NETWORK PROGRAMMING IN PYTHON

Implementing Web Scraping

Let's try to extract some data from the e-commerce giant, Amazon. Let's search for "Protien Bars" and related products, and then we will scrape data from the search results that we get.

Example of Web Scraping


Above we have a screenshot of the webpage, with the search results. Now the first step will be to indentify the HTML tag which holds the data that we want to scrape.

  • For Item Name: Right click on Product Name → Inspect element
  • For Item Price: Right click on Product Price → Inspect element

For item price below HTML tag has been used:

<span class="a-size-base a-color-price a-text-bold">

So, inside span tag we have to look for class attribute with value a-size-base a-color-price a-text-bold.

Similarly for item name, following HTML tag is used:

<h2 class="a-size-medium s-inline s-access-title a-text-normal" ...>
    ITEM_NAME
</h2>

Now, let's code write the program/script for extracting the data.


Program/Script for Web Scraping

#!usr/bin/env python


import requests
from bs4 import BeautifulSoup

# url of the search page
url = "http://www.amazon.in/s/ref=nb_sb_ss_i_4_8?url=search-alias%3Daps&field-keywords=protein+bars&sprefix=protein+%2Caps%2C718&crid=1SW4WFJE8O22T&rh=i%3Aaps%2Ck%3Aprotein+bars"


r = requests.get(url)			# get the search url using requests
soup = BeautifulSoup(r.content)	# create a BeautifulSoup object 'soup' of the content

# Item Name
i_name = soup.find_all("h2",{"class": "a-size-medium s-inline  s-access-title  a-text-normal"})

#'find_all' method is used to find the  matching criteria as mentioned in parenthesis

# Item Price
i_price = soup.find_all("span",{"class": "a-size-base a-color-price a-text-bold"})


# Now print Item name and price
# 'zip' is used to traverse parallely to both name and price
for name,price  in zip(i_name,i_price):
	print "Item Name: " +name.string
	print "Item Price:" +price.text
	print '-'*70

Covering all the technicalities and features of BeautifulSoup module in a single tutorial is impossible.
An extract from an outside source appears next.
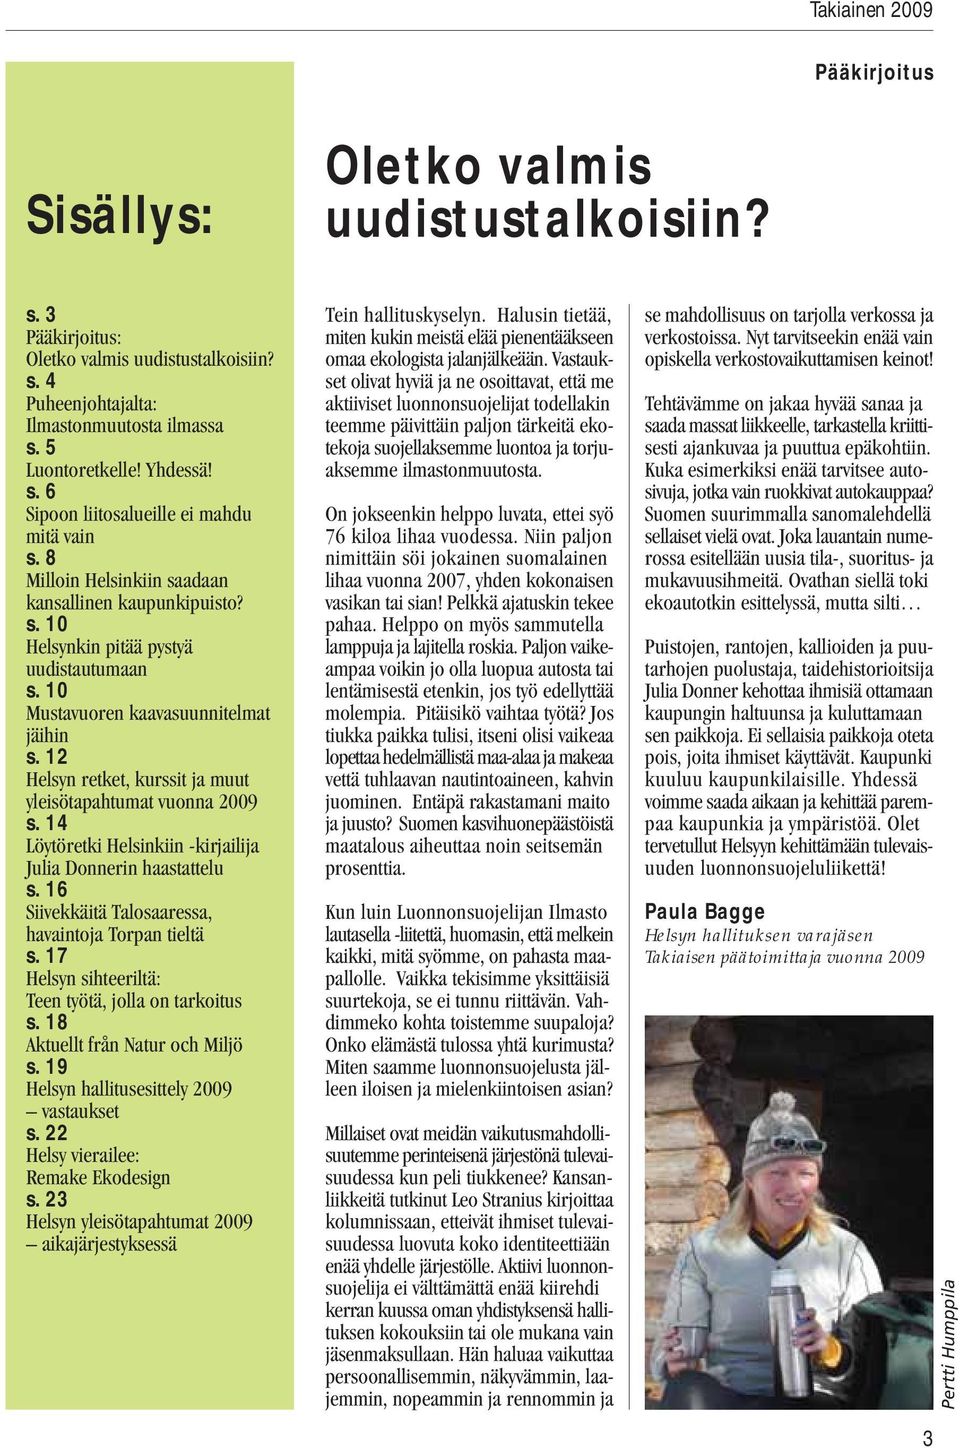 10 Mustavuoren kaavasuunnitelmat jäihin s. 12 Helsyn retket, kurssit ja muut yleisötapahtumat vuonna 2009 s. 14 Löytöretki Helsinkiin -kirjailija Julia Donnerin haastattelu s.

So, we will recommend you to read official documentation here.

Note: Here you might get confused as the price of some products are not getting displayed correctly. This is because the class name which we have used here for price extraction is different for some items(which are in offer). So you need to change the class name for such items.

Example of Web Scraping


So now you know how to scrape data from any website. Although BeautifulSoup module does provide a lot of other functionalities too, but using the above script/program, you can easily scrape data from any website.

Remember the 2 steps: Identify the HTML tag and then use the program to scrape.